Unos kilómetros más allá abandonaron la carretera y tomaron otra a la izquierda, también de piso de tierra y con una estrechez casi violenta. Polín estaba habituado a las veredas montañesas de su Concejo, pero lo que veía superaba cualquier imaginación. En realidad era un sendero que ascendía zigzagueante entre moles rocosas y precipicios. Tan angosto, que algunas ramas de los descomunales árboles barrían el techo de los vehículos y parecía que les imposibilitarían la circulación. Curvas y más curvas suicidas, agudizando constantemente la sugestión del abismo. La apelmazada atmósfera se invadía del tufo de frenos chamuscándose. Miró a sus compañeros y sorprendió en sus rostros el mismo canguelo que él sentía, lo que no era el caso de Martín, despegado siempre de temores. Le miró y se confortó. Al poco entraron en zona de niebla baja, con el piso mojado. El sol y los mosquitos desaparecieron, como si hubieran pasado a otro país. Una masa de algodón lloviznado se adueñó del espacio. La temperatura empezó a bajar y muchos empezaron a tiritar de frío ante el brusco cambio. Rachas de agua pulverizada entraban por las ventanillas y las puertas. Los conductores prendieron las luces pero no todos pudieron conectar los limpiaparabrisas por estar averiados. De vez en cuando el convoy se detenía y alguien bajaba a limpiar los cristales.

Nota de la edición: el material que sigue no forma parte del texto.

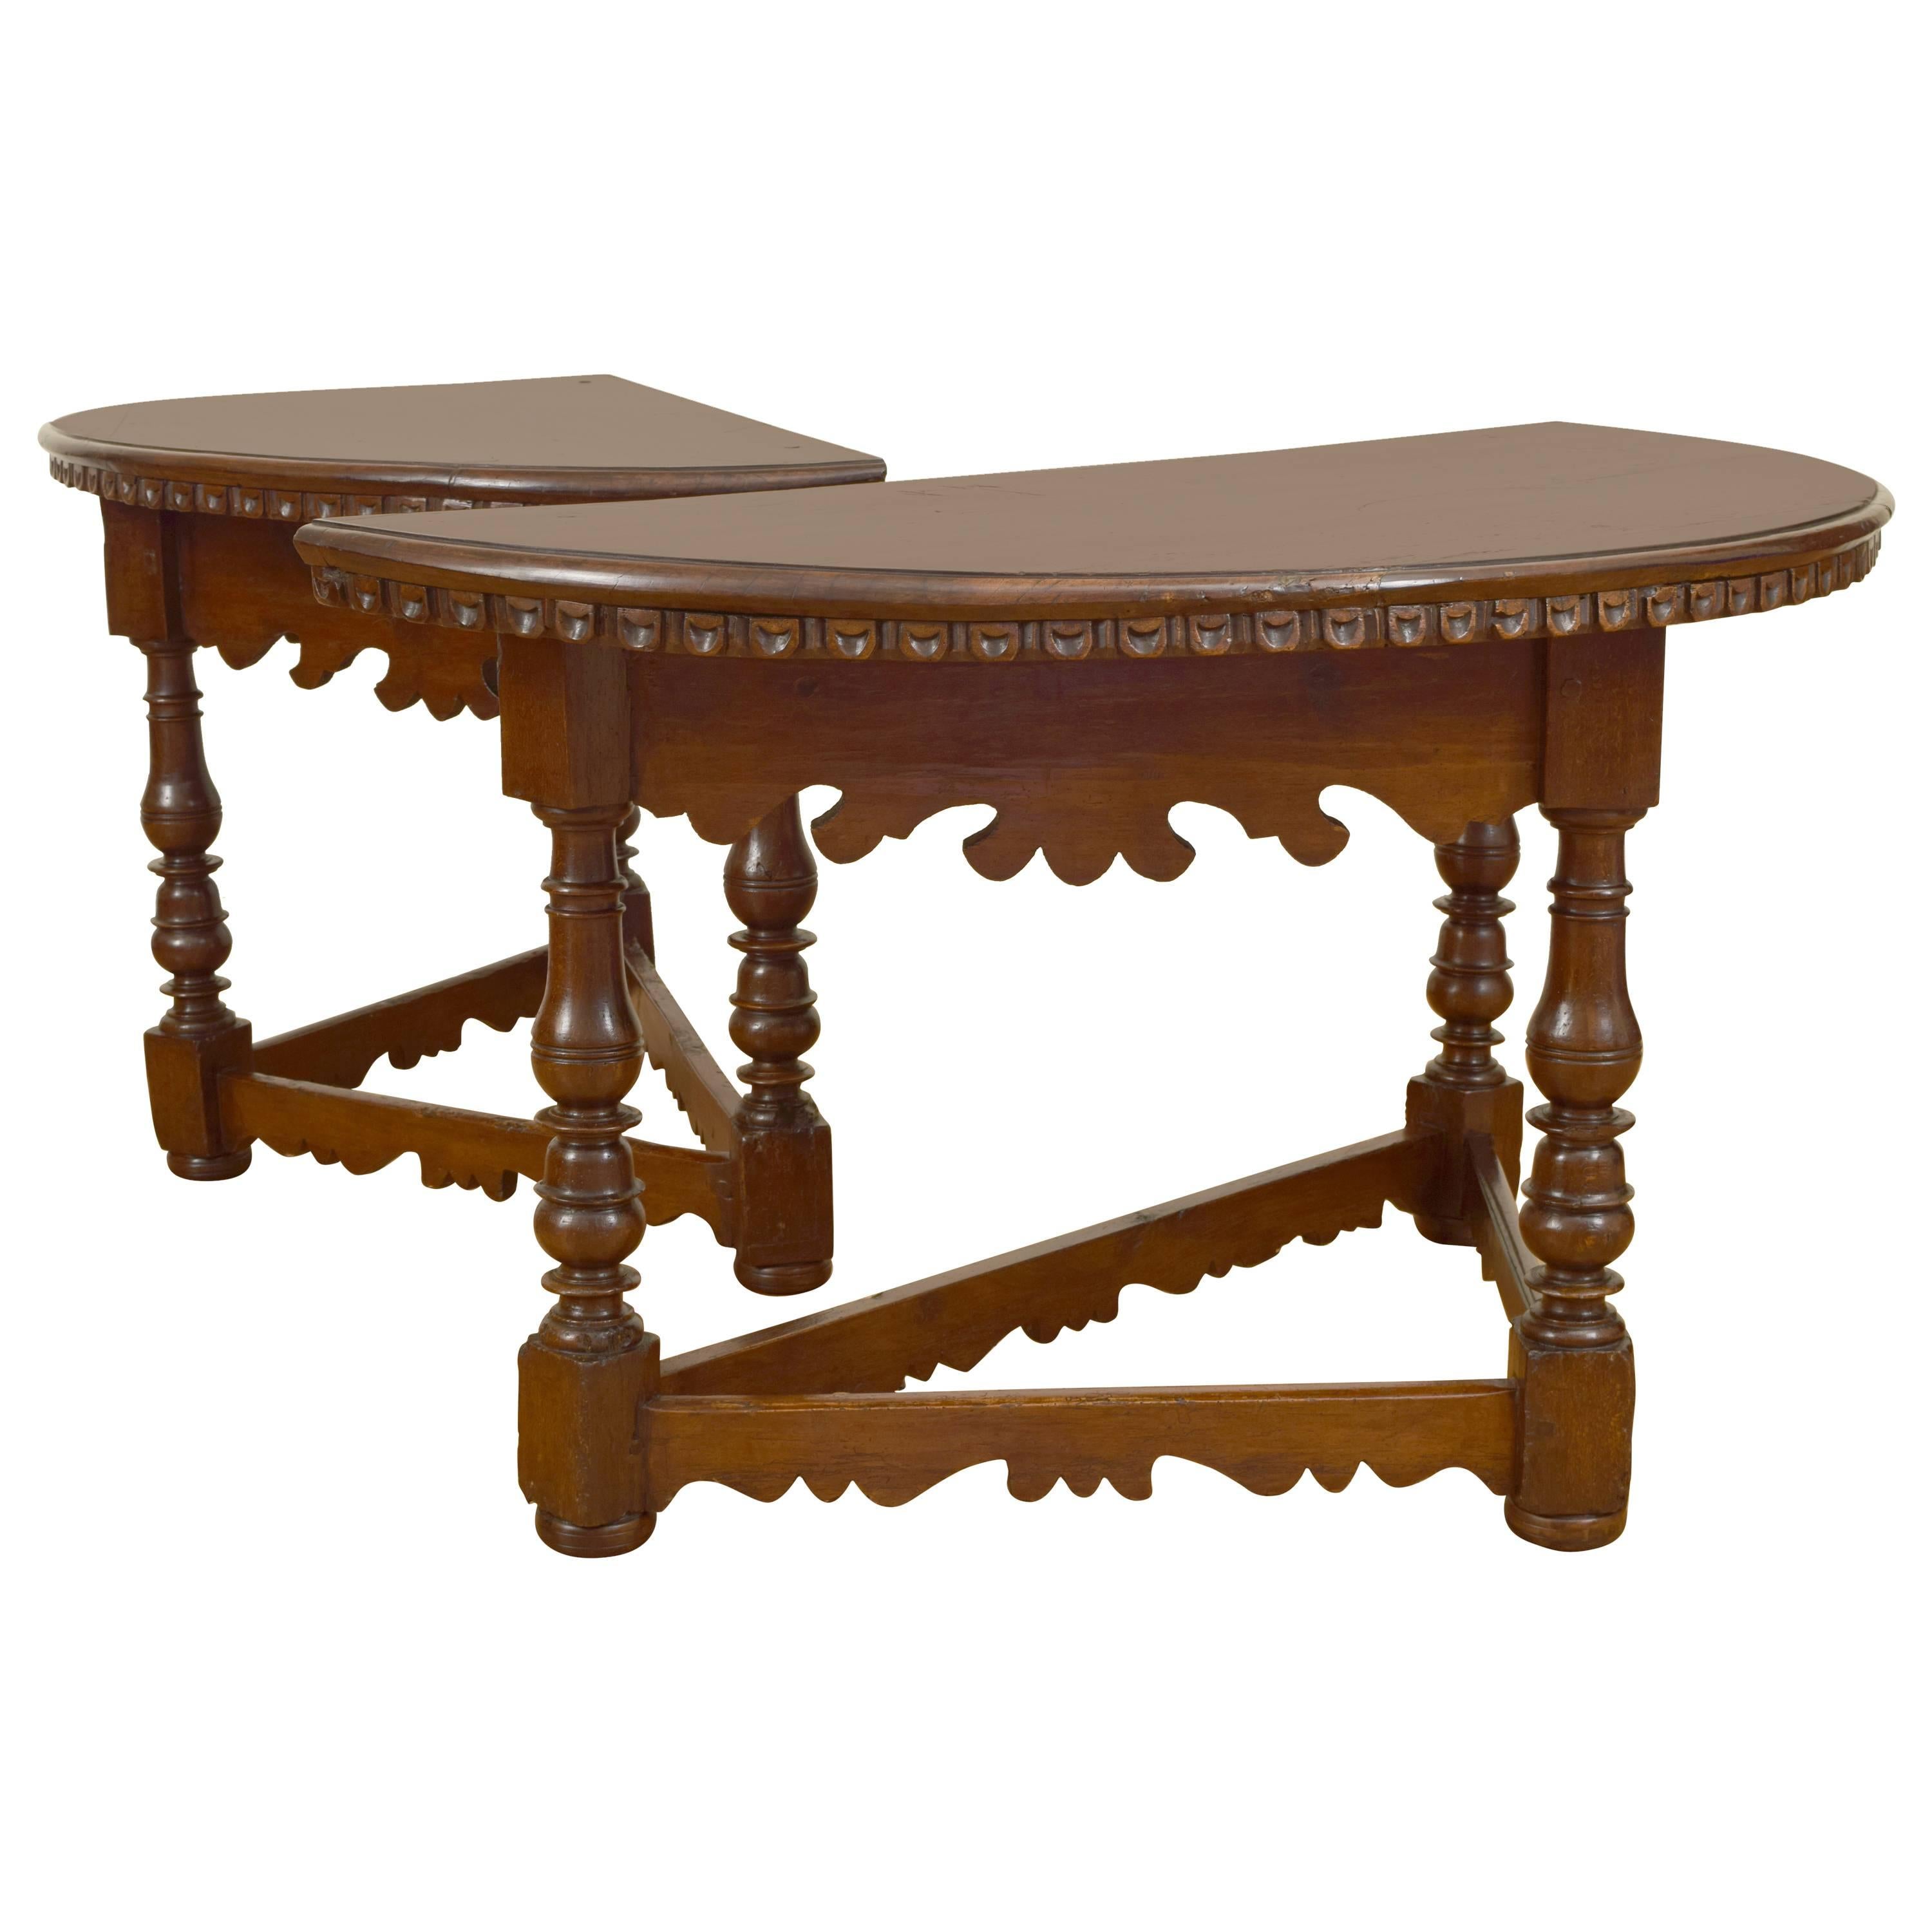 Pair of Italian Baroque Walnut Demilune Console Tables, 18th Century and Later

A unos quince kilómetros coronaron el puerto. Las guaguas se detuvieron en una explanada para que los autobuses recuperaran el resuello y los pasajeros vaciaran sus vejigas y depósitos rectales. A un lado vieron un pequeño altar al aire libre. Uno de los conductores les informó que se trataba de la Virgen de los Camioneros, y que lo ideó un español hacía unos cinco años. Al parecer tuvo un accidente y salvó la vida milagrosamente. Su camión cayó al vacío y él estuvo más de un día suspendido en el precipicio, rezando a la Virgen. Ella le permitió salir del trance. En agradecimiento construyó la placa y el altarejo, que siempre estaba rodeado de ramos de flores y velas, ofrendas de tantos necesitados de protección divina.

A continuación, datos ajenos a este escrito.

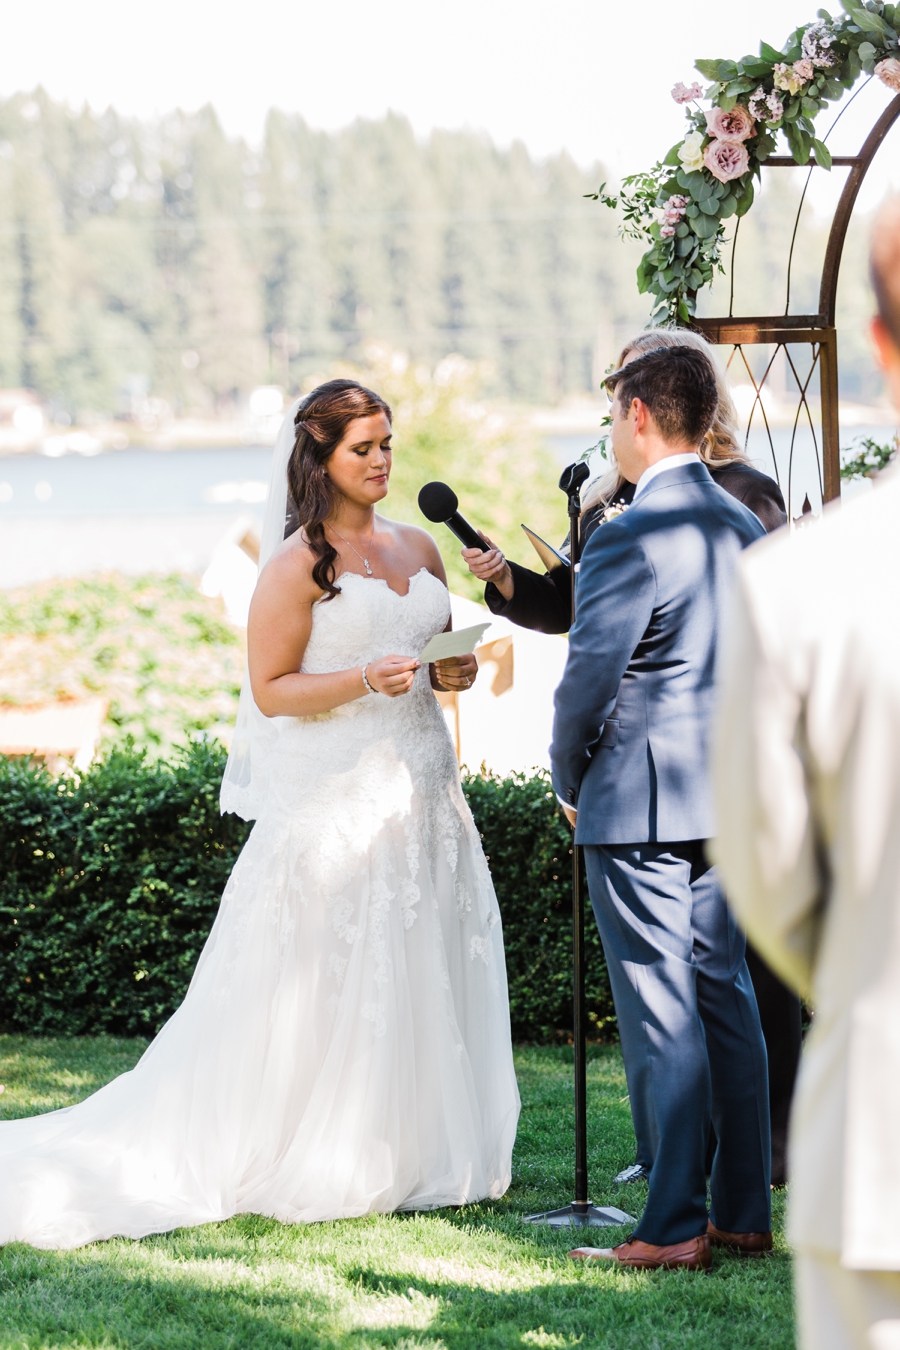 Wedding ceremony at Snohomish wedding venue Green Gates at Flowing Lake by Seattle wedding photographer Amy Galbraith

A partir de ahí el camino era descendente, con curvas más abiertas que permitían espaciar las frenadas. La niebla quedó atrás y pudieron contemplar unos valles inmensos sembrados de lomas y con tupida vegetación natural. Era como un mundo intocado, la tierra nunca pisada. Ahí parecía estar su futuro. ¿Sería lo que señalaba el dedo de Colón? Para empezar tendrían una casa para cada uno, debidamente amueblada y con luz eléctrica y agua corriente. Y de inmediato empezarían a trabajar en las parcelas de su propiedad, que les estaban esperando junto a los aperos necesarios y las semillas.

Finalmente llegaron a Constanza, cuando el sol se había precipitado tras los picachos. Habían empleado más de siete horas en cubrir una distancia de unos ciento cuarenta kilómetros desde Ciudad Trujillo. Pero al fin, después de tantos fatigosos días, su viaje había terminado.